Contractual Obligations
The following table summarizes our contractual obligations as of November 30, 2012 (in millions):
Payment Due by Period
Total Less than
1 year 1-3 years 3-5 years More than
5 years
Notes......................................................................... $ 1,869.5 $ 62.3 $ 714.8 $ 85.5 $ 1,006.9
Operating lease obligations....................................... 246.1 47.3 73.0 46.7 79.1
Capital lease obligations ........................................... 13.2 11.4 1.8
Purchase obligations ................................................. 342.2 256.4 46.5 27.3 12.0
Total ........................................................................ $ 2,471.0 $ 377.4 $ 836.1 $ 159.5 $ 1,098.0
Senior Notes
In February 2010, we issued $600.0 million of 3.25% senior notes due February 1, 2015 and $900.0 million of 4.75% senior
notes due February 1, 2020. Interest on the Notes is payable semi-annually, in arrears on February 1 and August 1, commencing
on August 1, 2010. During fiscal 2012 interest payments totaled $62.3 million. At November 30, 2012, our maximum commitment
for interest payments under the Notes was $369.4 million.
Capital Lease Obligation
In June 2010, we entered into a sale-leaseback agreement to sell equipment totaling $32.2 million and leaseback the same
equipment over a period of 43 months. This transaction was classified as a capital lease obligation and was recorded at fair value.
Covenants
Our credit facility contains a financial covenant requiring us not to exceed a maximum leverage ratio. Our Almaden Tower
lease includes certain financial ratios as defined in the lease agreements that are reported to the lessors quarterly. As of November 30,
2012, we were in compliance with all of our covenants. We believe these covenants will not impact our credit or cash in the coming
fiscal year or restrict our ability to execute our business plan. Our Notes do not contain any financial covenants.

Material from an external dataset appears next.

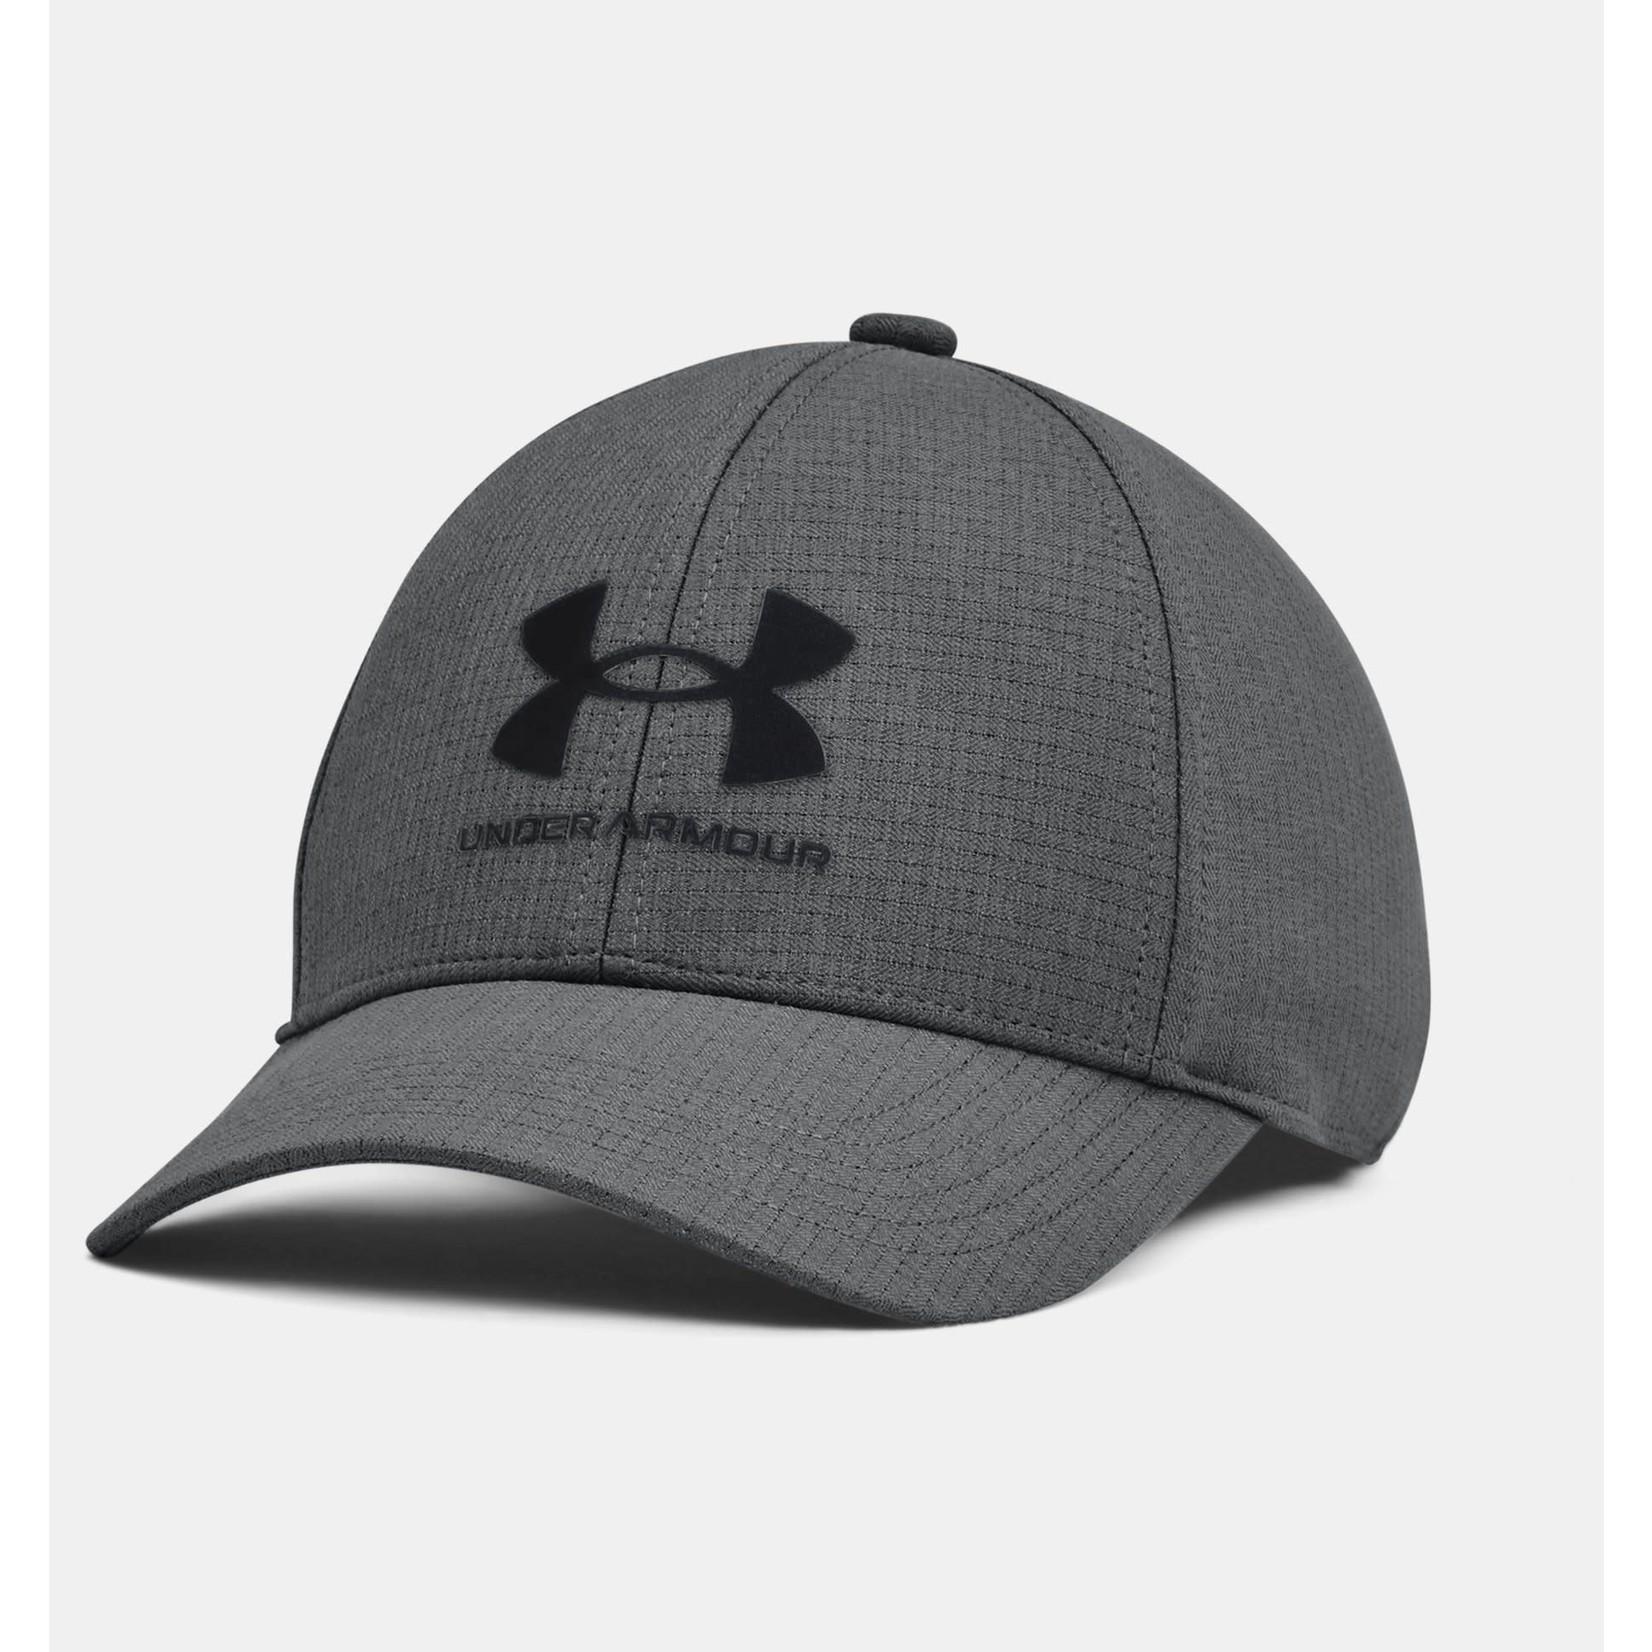 Under Armour Under Armour Hat, ArmourVent Stretch, Boys

Under the terms of our credit agreement and lease agreements, we are not prohibited from paying cash dividends unless
payment would trigger an event of default or one currently exists. We do not anticipate paying any cash dividends in the foreseeable
future.
Accounting for Uncertainty in Income Taxes
The gross liability for unrecognized tax benefits at November 30, 2012 was $160.5 million, exclusive of interest and
penalties.
The timing of the resolution of income tax examinations is highly uncertain as are the amounts and timing of tax payments
that are part of any audit settlement process. These events could cause large fluctuations in the balance sheet classification of
current and non-current assets and liabilities. We believe that within the next 12 months, it is reasonably possible that either certain
audits will conclude or statutes of limitations on certain income tax examination periods will expire, or both. Given the uncertainties
described above, we can only determine a range of estimated potential decreases in underlying unrecognized tax benefits ranging
from $0 to approximately $5 million.
Royalties
We have certain royalty commitments associated with the shipment and licensing of certain products. Royalty expense is
generally based on a dollar amount per unit shipped or a percentage of the underlying revenue.